Layered hero, review feedback, and smarter merge text
Layered hero composes background, personalised copy, and a foreground image into one export—with overlay styles that keep text beside your subject and apply effects only where letters cross it. Add extra merge lines with their own fonts and placement; letter case applies to live merge text and invalid-merge fallback. Publishing preview reflects your saved fallback settings. New review feedback module: star or icon ratings in email with a fallback link where interactivity is limited.
Instagram social feed, video email export, and library polish
Social feed can pull recent Instagram Business posts—Settings → Integrations walks you through Meta setup and checks your connection before saving. Video components export email-safe WebP and GIF with a play link to your live page. On the component library, Copy HTML and preview stay visible but only work once a component is published and live. Social feed opens are counted when the live post image loads.
Hotspots editor, Gmail-safe polls, and smarter prompts
Hotspots now has a region editor—draw tap areas on your image, choose expand-panel or swap behaviour, and export formatted HTML. Polls and hotspots use a static fallback in Gmail, Outlook, and Yahoo that links to your live component URL; supported inboxes still get the full interactive version. The Start with AI prompt suggests contextual completions as you type.
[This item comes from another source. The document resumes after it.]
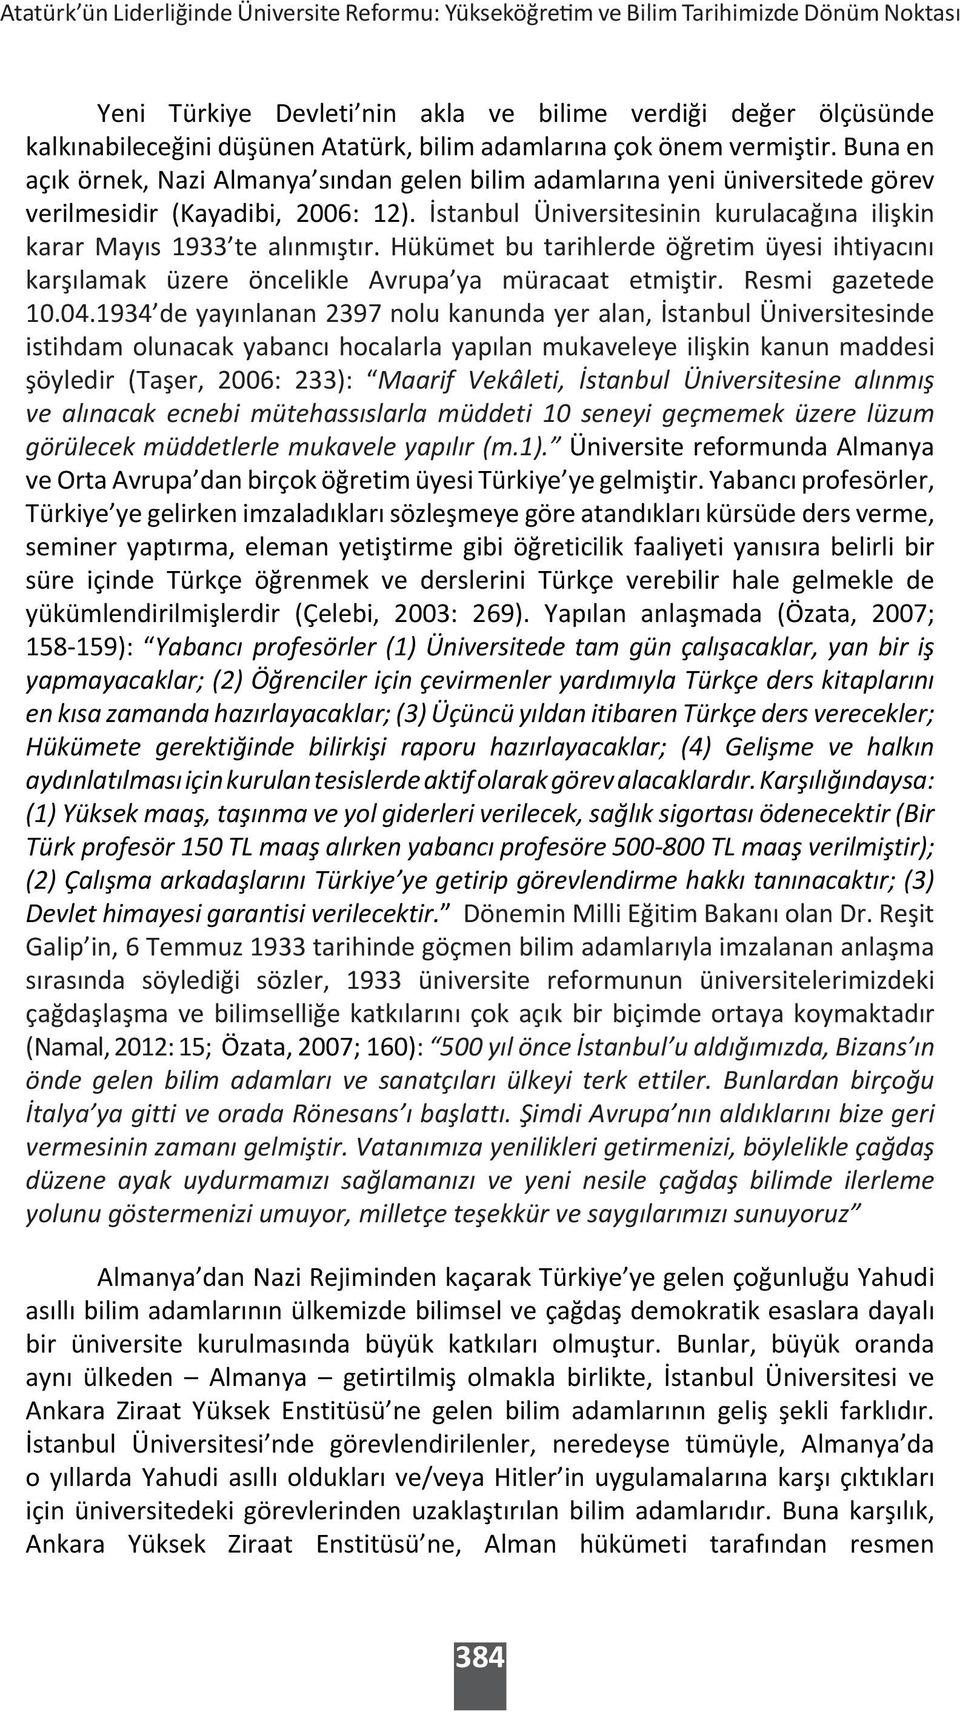 İstanbul Üniversitesinin kurulacağına ilişkin karar Mayıs 1933 te alınmıştır. Hükümet bu tarihlerde öğretim üyesi ihtiyacını karşılamak üzere öncelikle Avrupa ya müracaat etmiştir. Resmi gazetede 10.

Usage, opens, analytics, and safer live links
Settings can show live image usage by component name and type even after you delete a component. Opens can be counted when a live image or GIF loads (with fewer duplicate tracking pixels where that already tells the story). Analytics pipes can include device class and poll vote started / vote finished signals. Published live URLs are shorter signed links—recipients cannot read your component id from the address bar. Re-publish to refresh HTML you already exported.
Smarter Start with AI prompts
The dashboard prompt now cycles real examples as you type, suggests module phrases as you go, and maps everyday wording to designer fields more reliably—including merge tags, countdown dates, polls, QR links, feeds, weather-by-condition heroes, and location-based geolocation heroes.
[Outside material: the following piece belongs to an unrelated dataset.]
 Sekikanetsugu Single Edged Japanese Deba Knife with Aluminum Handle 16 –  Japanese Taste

Start with AI on the dashboard
On New component, describe what you want in plain language—any module type—and we open a starter in the editor. Suggestions appear as you type; press Enter to generate. Timers, polls, imagery merge tags, and other settings are mapped from your words where we understand them. Visuals use designer placeholders you can change later.
Faster designer preview
Preview updates sooner while you edit, with saves running in parallel. Use Refresh preview when you want the canvas to match what is saved. Poll summary results and more tiles render from your current settings without waiting on a save. Social feed components start with a static hero; load the live feed when you are ready.
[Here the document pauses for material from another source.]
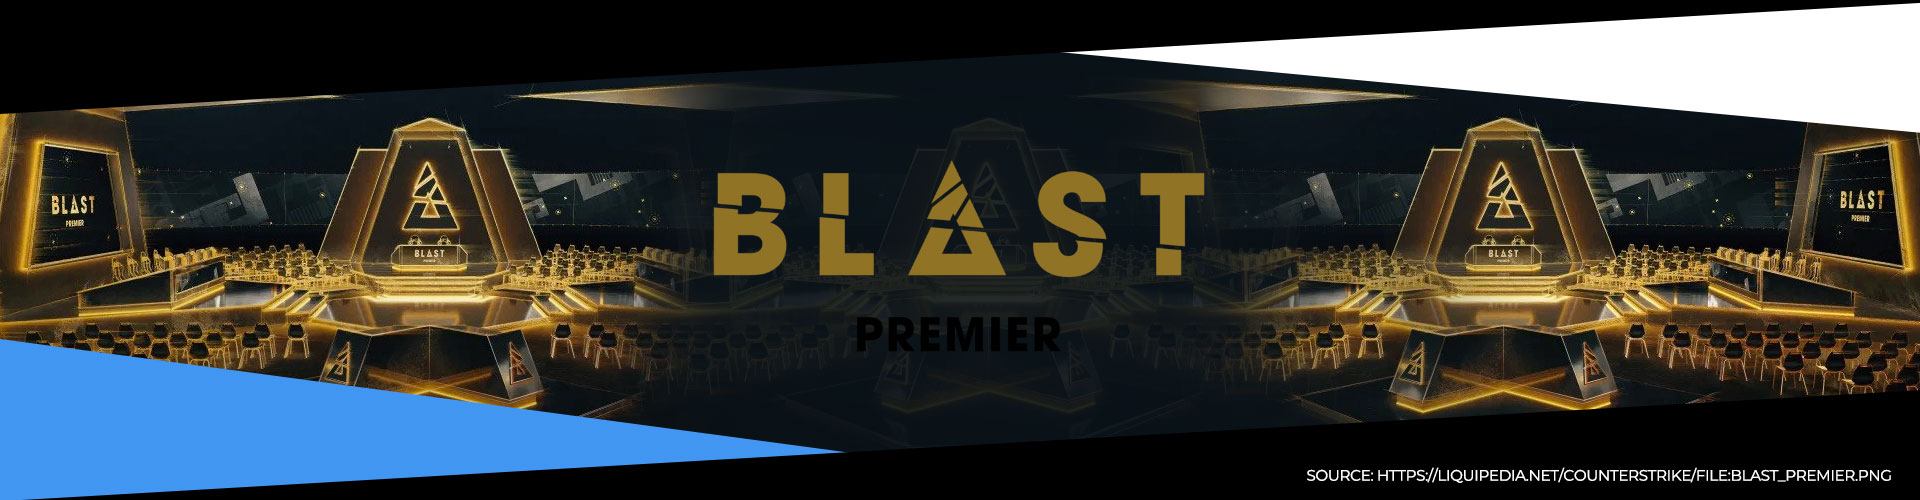 All information du behöver inför BLAST Premier: Spring 2020.

Landing demos and builder polish
The marketing homepage includes tabbed demo videos and a shorter hero. The public roadmap lives at /roadmap. Timer blocks support day-hour-minute-second layouts and optional empty dividers. Poll blocks have clearer default labels, follow-up behaviour, and option images beyond the first four choices. Journey diagrams on the homepage keep even spacing on phones.
Feedback window
Plan limits are relaxed for a short beta period. There is a public roadmap page and an in-app feedback modal so you can tell us what to fix or build next without leaving the product.
Legal pages
Privacy Policy and Terms of Service now use the same look and feel as the rest of the site, with clearer layout and typography.
Sign-in reliability
Google and Microsoft sign-in should complete more reliably after login, including when the provider returns you to our callback URL.
Social sign-in
You can sign in or register with Google or Microsoft, with separate flows for new and returning users.
Privacy and terms
Added standalone Privacy Policy and Terms of Service pages linked from the landing footer and account settings.
Landing refresh
The marketing homepage layout works better on phones, with tighter spacing and less work on first load so the page feels quicker to open.